她閉上眼,深深呼出一口氣,劇烈起伏的胸腔壓下去,眉眼的陰沉只多不少,卻又突兀轉為溫柔。
“抱歉,我認錯了,嚇到你了吧?”問遙眼睛彎起,皮笑肉不笑,和剛才的失控完全割裂開。
我同樣,壓抑著,控制著,指甲陷進掌心軟肉,幾乎要掐出血肉。
“沒……”我顫抖著,小幅度搖頭,眼淚又適時擠出一滴,順著面頰滑落。
“我……真真的……不……認識”
“你的結巴,是天生就有的嗎?”
問遙靠在沙發上,伸手從包里掏出黑色煙盒,點上煙,抬眼睥睨著地上的我。
呼出一口薄霧,模糊了她冷冽的眉眼。
“嗯。
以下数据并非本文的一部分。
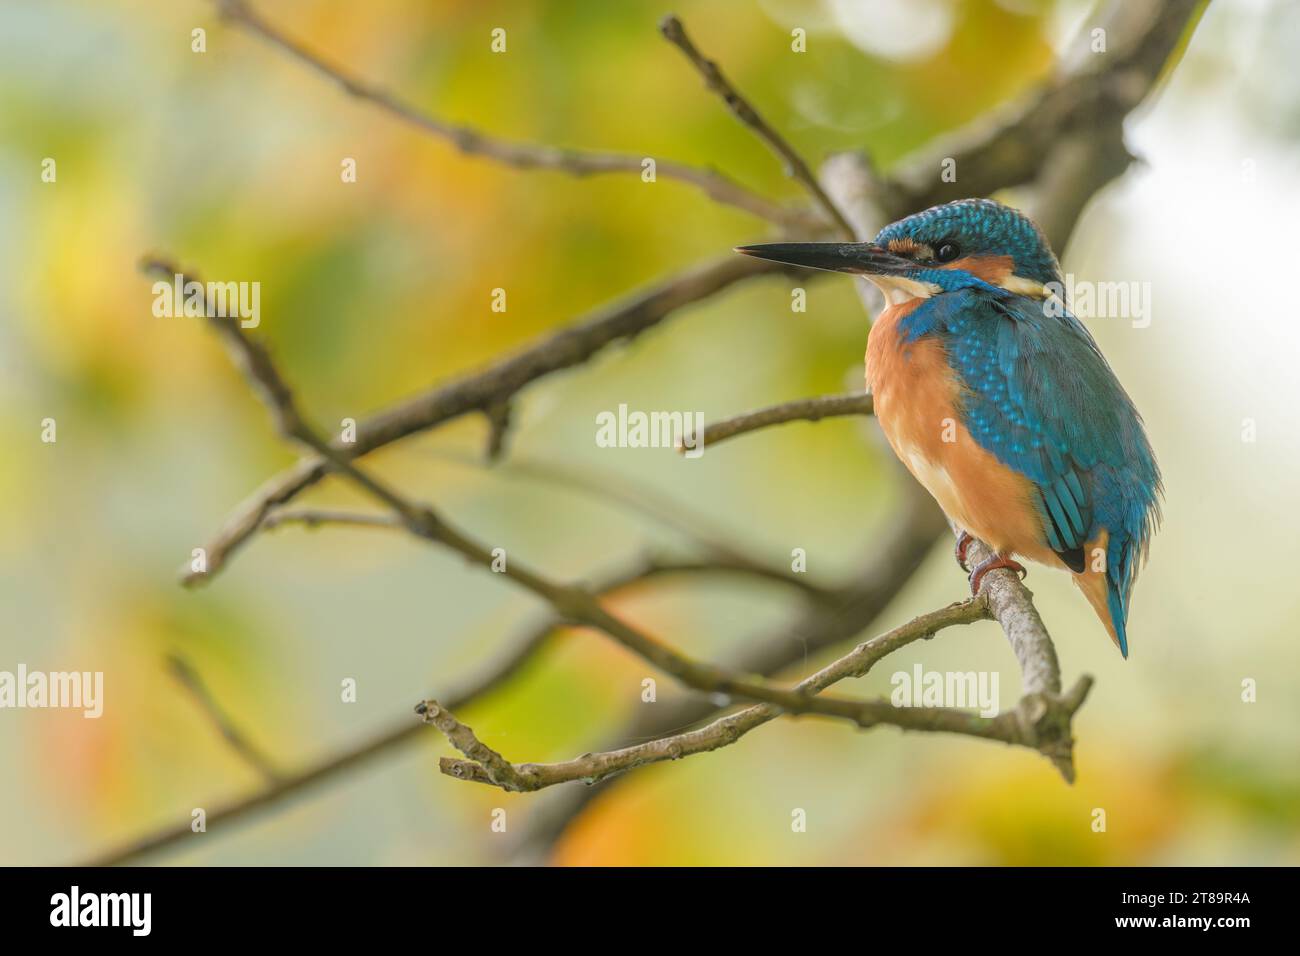 Kingfisher (Alcedo atthis) perché dans un arbre. Bas-Rhin, Collectivite européenne d'Alsace,Grand est, France, Europe. Banque D'Images

”我眼睫抖著,顫顫巍巍點頭。
煙移開,隨意夾在指尖,她的眼神更不加掩飾地落在我的臉上,語氣淡漠評價道,“很像,但又不是她。”
“……誰?”
“我的未婚妻。”
我是忍著惡心,強撐著走出那扇門的。
混亂堵滿心臟,以至于撞上了人。
“小心哦”陌生的女人,香水味濃烈而獨特,五官精致,身段玲瓏。
她的手臂看似隨意地搭在我肩上,掙脫時,她卻抓得更緊了。
“你長得好眼熟啊”
“我應該不是什么大明星,請放手”
“急什么?”女人輕笑,“不是明星,但這張臉……”她微微歪頭觀摩,“我肯定在哪里見過。”
“您認錯人了,我只是個送東西的服務生。”
“服務生?”女人挑眉,“這衣服……偷來的吧?不合身哦。”
“對不起!我需要工作了!”我加重語氣,低喝出聲,同時用盡力氣猛地甩開她往來時的方向跑。
沖進布草間,褪下偽裝,換上來時的衣服,平穩好情緒,從后門員工通道出去。
一輛賓利平滑停在我面前,車窗下移露出問遙側臉,她的蒼白在暗夜只有黑與遠處霓虹燈的紅照襯下清冷病態,眼下有散不去的陰霾。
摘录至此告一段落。